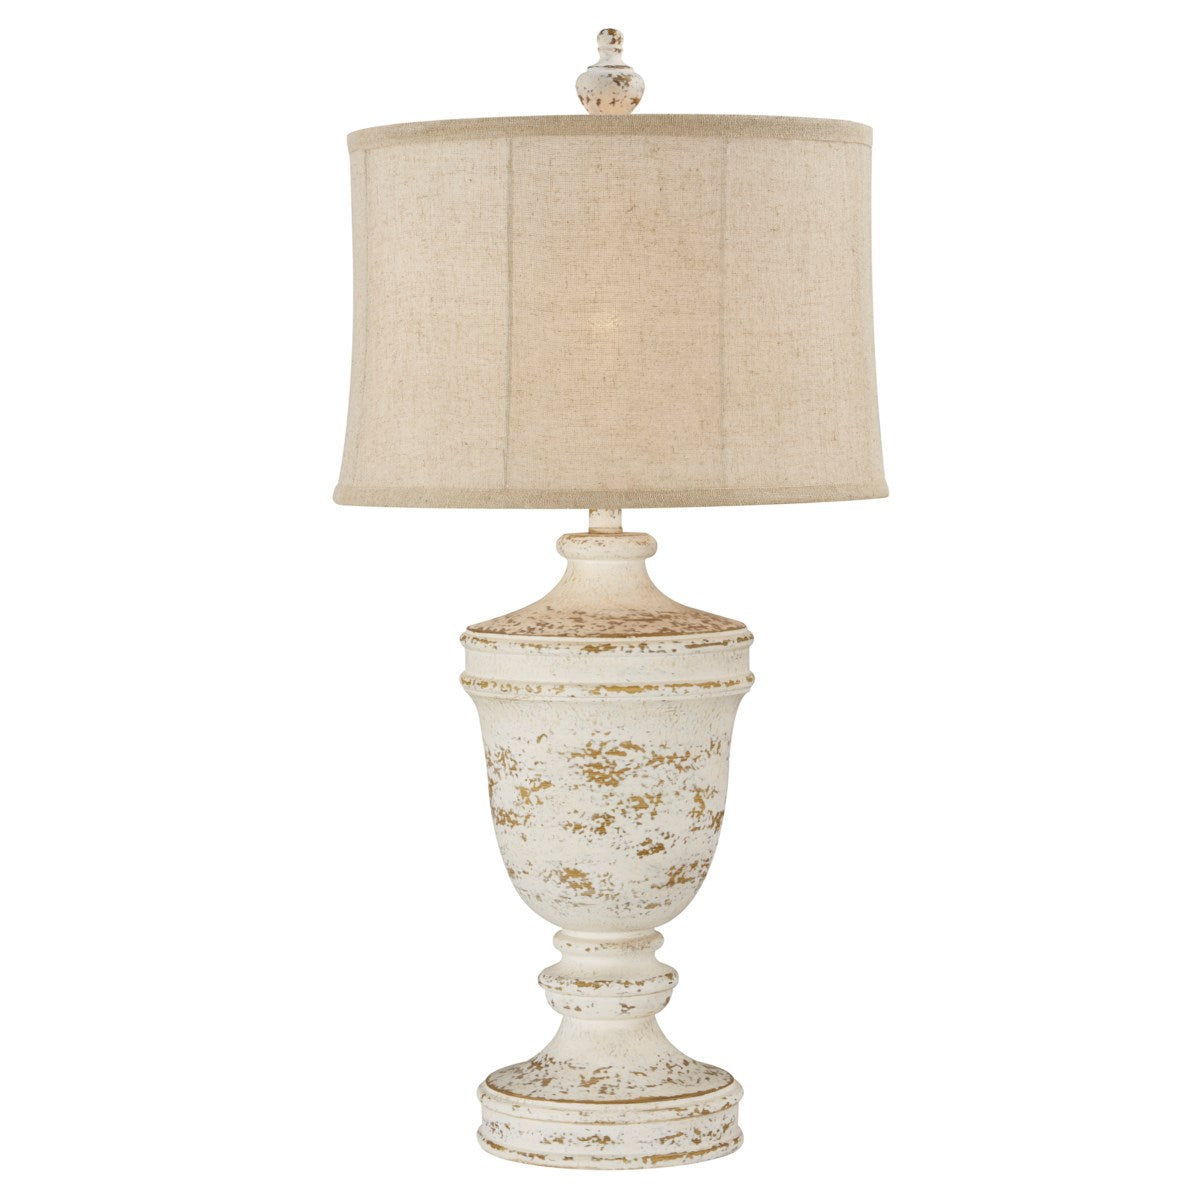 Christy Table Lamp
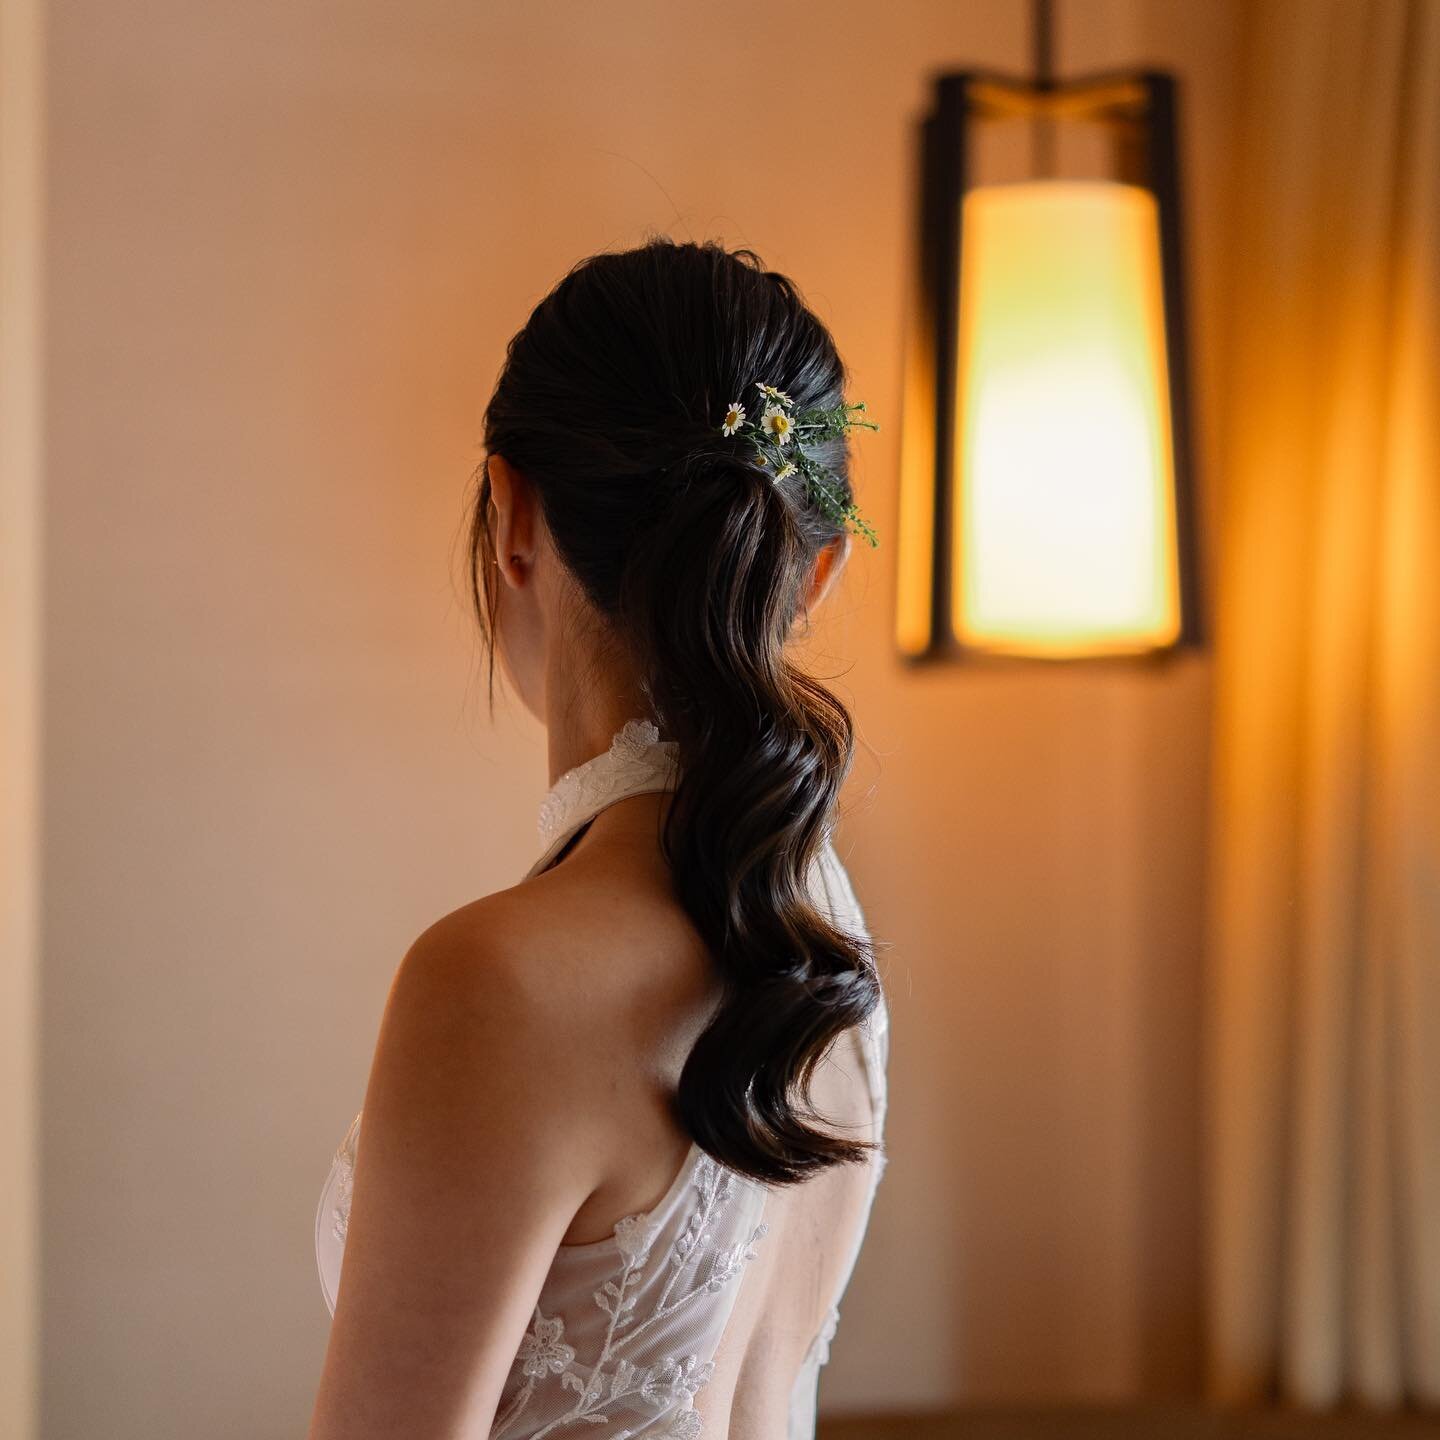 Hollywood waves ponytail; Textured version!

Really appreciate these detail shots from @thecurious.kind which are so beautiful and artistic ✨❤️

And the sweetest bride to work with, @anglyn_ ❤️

--

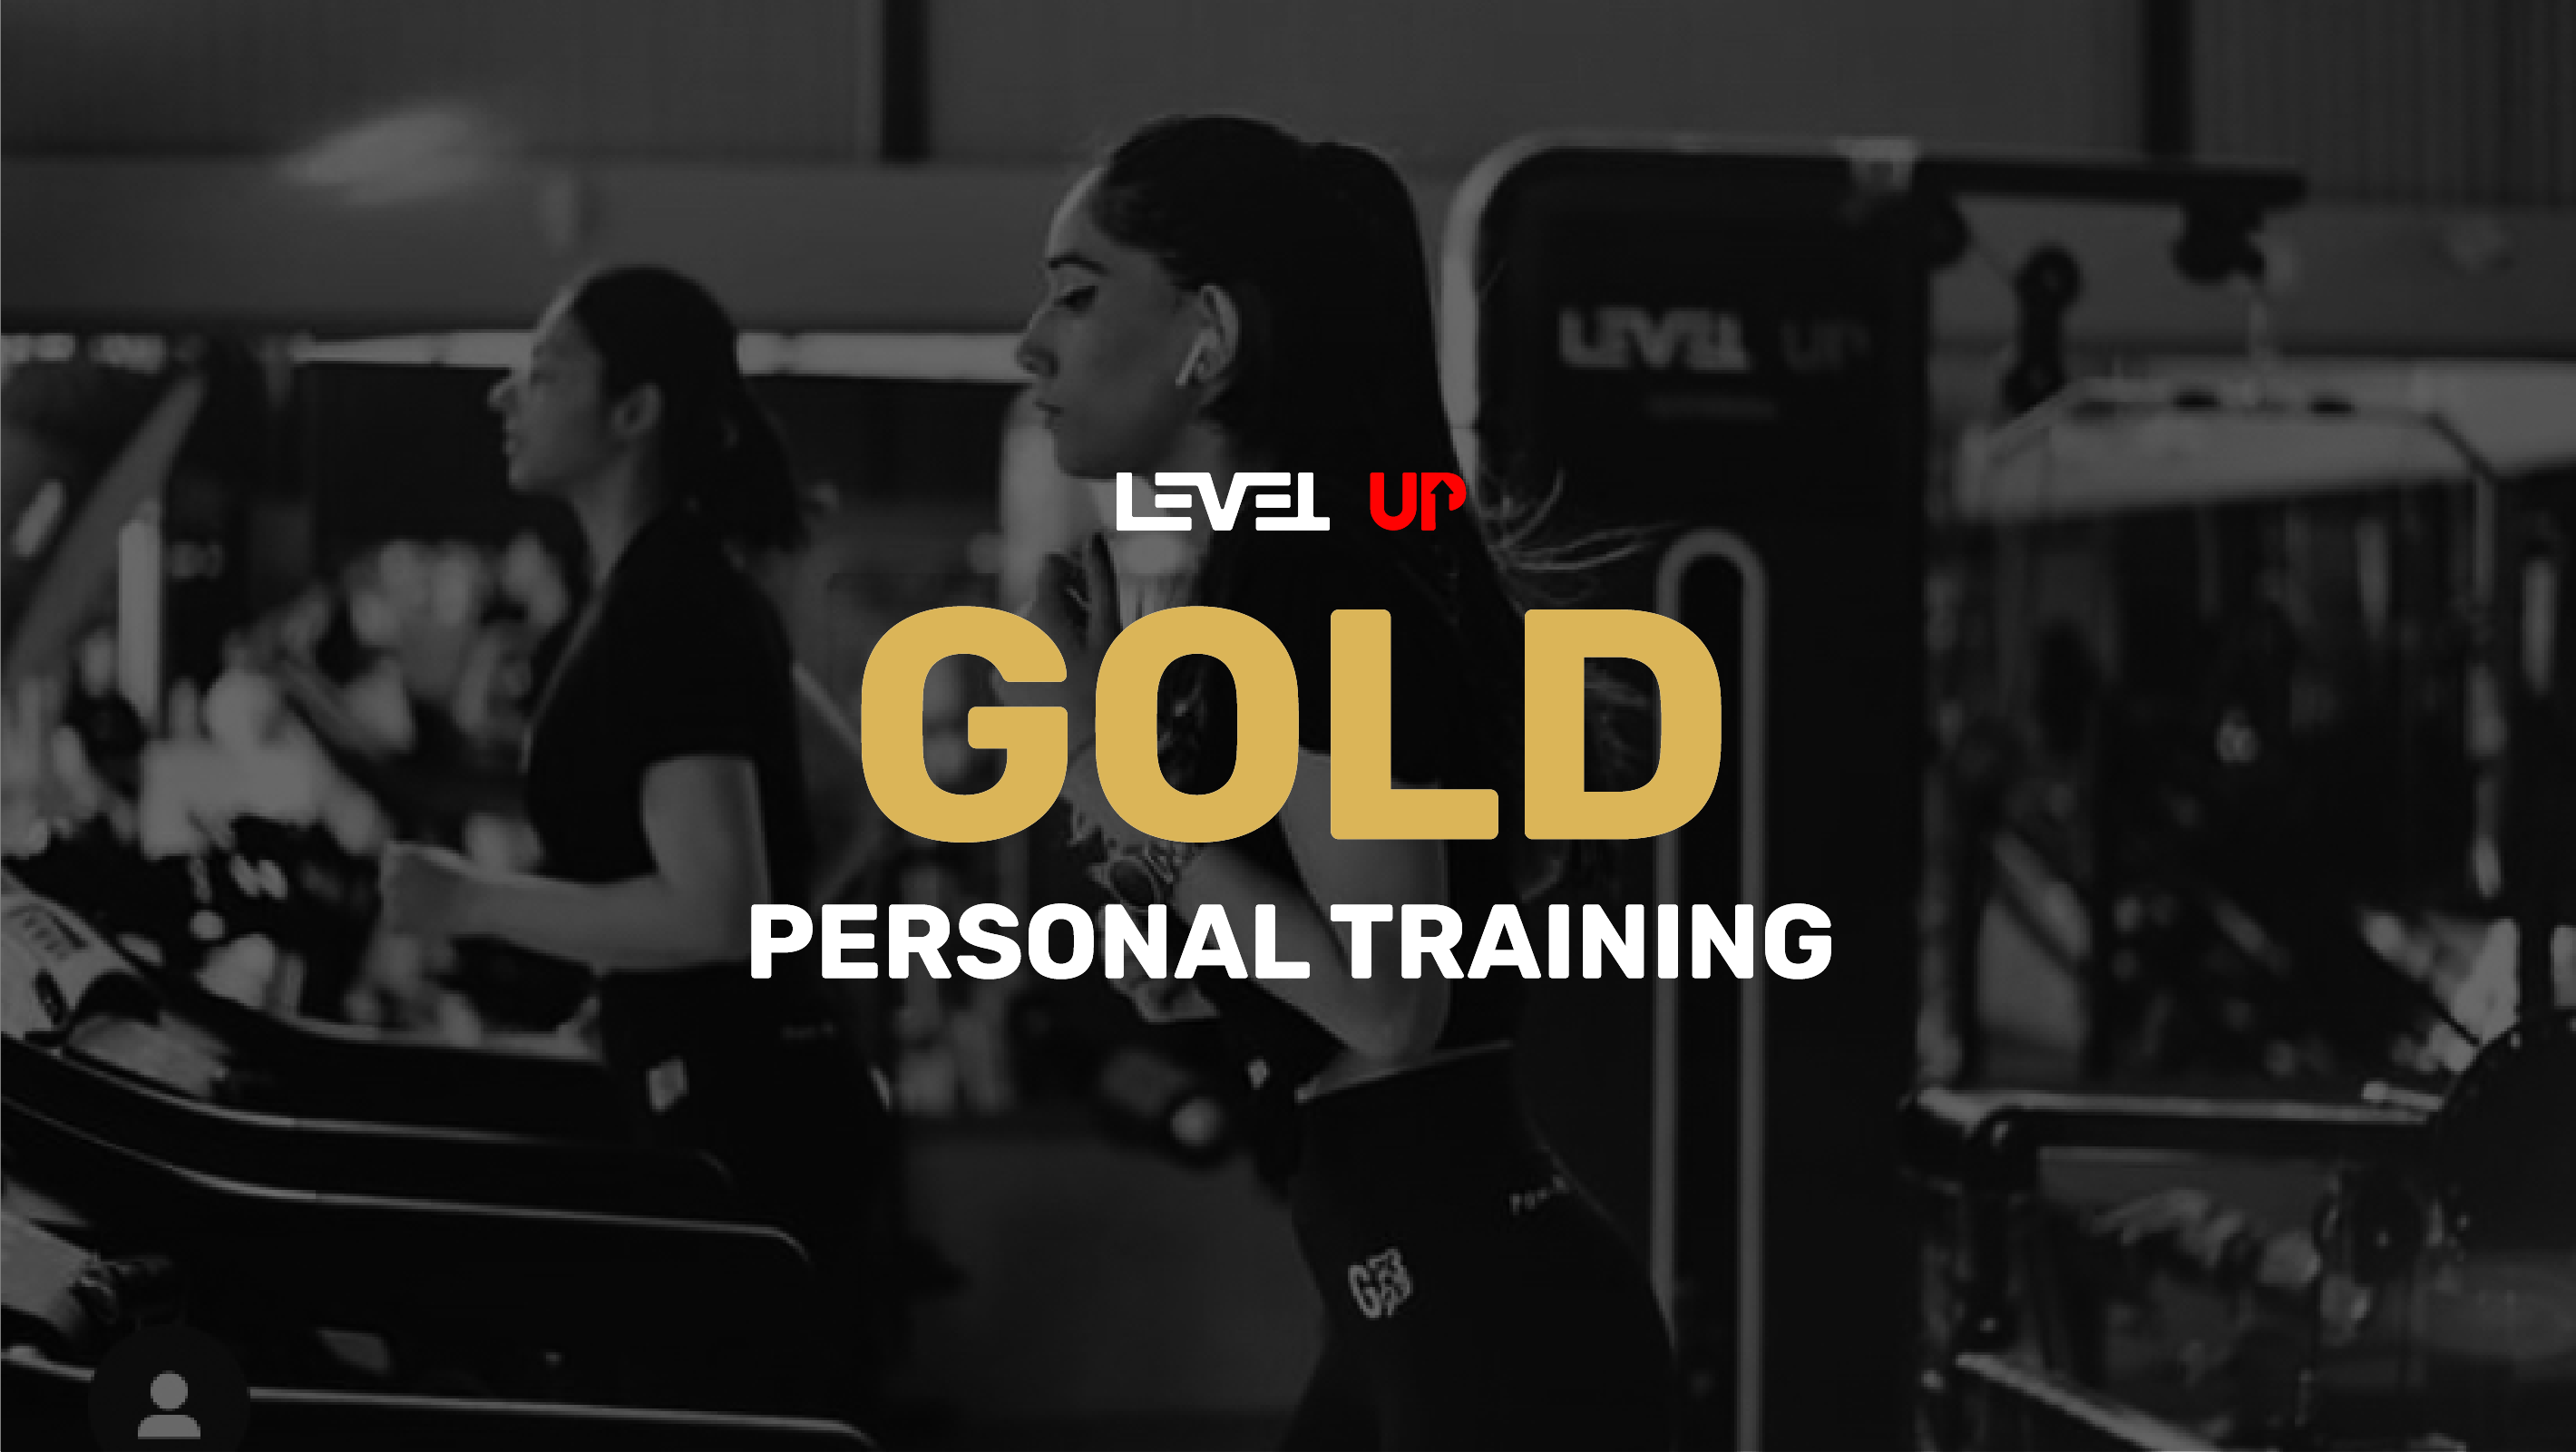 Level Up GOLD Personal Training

● **Problem to work on**
Retype the lines above exactly as they appear, from the line containing "Hollywood waves ponytail; Textured version!" through the line containing "And the sweetest", and leave out any pictures.

● **Response to this exercise**
 Hollywood waves ponytail; Textured version!

Really appreciate these detail shots from @thecurious.kind which are so beautiful and artistic ✨❤️

And the sweetest bride to work with, @anglyn_ ❤️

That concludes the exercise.